Pembroke route looks shorter (about an hour less driving to Portsmouth), but the Holyhead ferry gave me a 5 hour head start (at least).

So I'd guess there is about an hour in it in terms of UK driving time (Pembroke should faster). I did wonder about getting an overnight ferry all the way to Liverpool, but the drive along on the Welsh coast was easy and scenic too.

David


----------



## finyar (May 25, 2008)

Hi Joey, 
A lot depends on where you live in Ireland!

The Holyhead route is approx 45 miles longer and is also not as good a road for the first 50 miles from Holyhead.

I have used both routes and would much prefer Pembroke. The route is really straight forward just into St Clears and on to the M4 , then M25 south, then M20 to Dover

I have driven it in abot 6 hours(from Pembroke) with a 30 min break in the middle but I would leave a little longer.

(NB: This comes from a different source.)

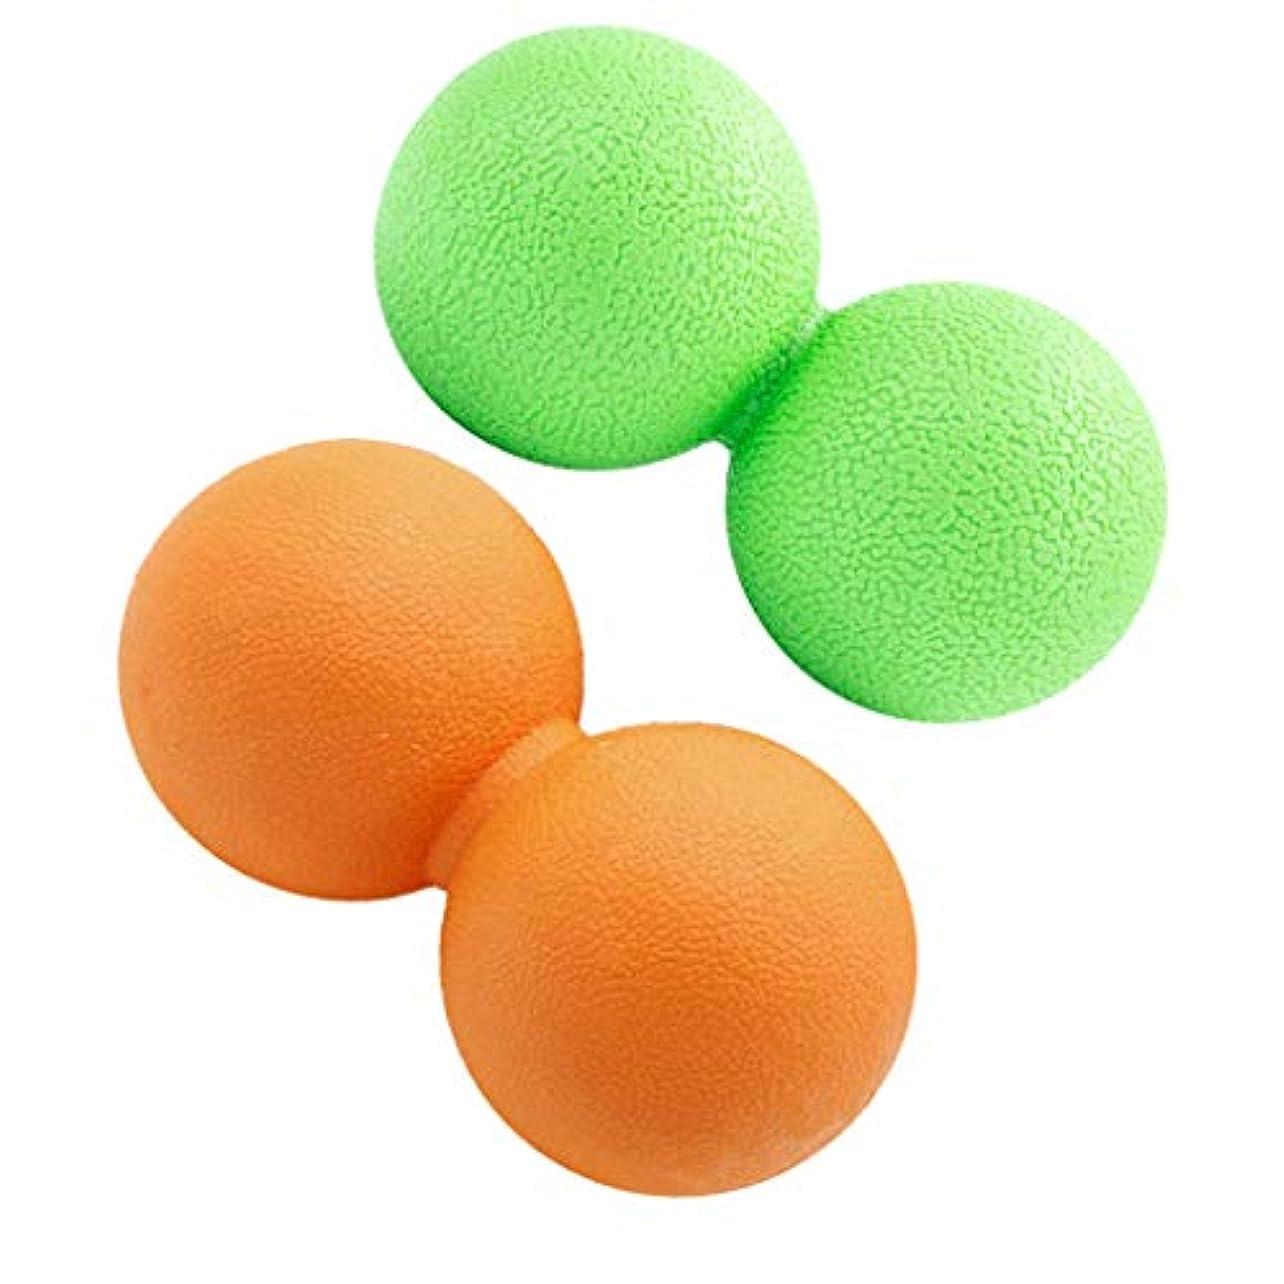 クレーター非行コンテスト2個 マッサージボール ピーナッツ 疲れ解消ボール トリガーポイント 筋膜リリース ツボ押しグッズ

The most likely pince point will be the M25 as it depends what time you hit it 

Hope this is of help

Finyar


----------



## pippin (Nov 15, 2007)

What about the new ferry to Swansea?

A much better trip - motorways all the way through Wales & England.


----------



## tonka (Apr 24, 2006)

If I had to choose then Pembroke. You hit the motorway a lot sooner and simply go M4, M25 anti-clockwise the M20.

The north wales roads are not as fast as they look on a map. Plus the traffic around here in the Midlnads is dire, even on a Saturday.
The Toll road will cut some out but it's £9 and you still have issues going down the M1..


----------



## teifiprt (Oct 2, 2007)

Hi,
I think the Pembroke route is far better. From Pembroke to 
M4 pretty easy, then straight to M25 and round to Dover. Swansea /Cork will not benefit you greatly on the Welsh side you can drive Swansea / Pembroke in 90 mins.

HTH,
Peter.


----------



## macmomo (Jun 28, 2010)

The A55 between Holyhead and Chester can be awful, there are always road works somewhere (usually several places) and often significant delays. If you use this route (I do twice a week or more!) then travel during off-peak times if you can. Saturdays usually not too bad, but it totally depends on where they are digging up. The A55 is a local joke, but not funny when you're trying to get somewhere.


----------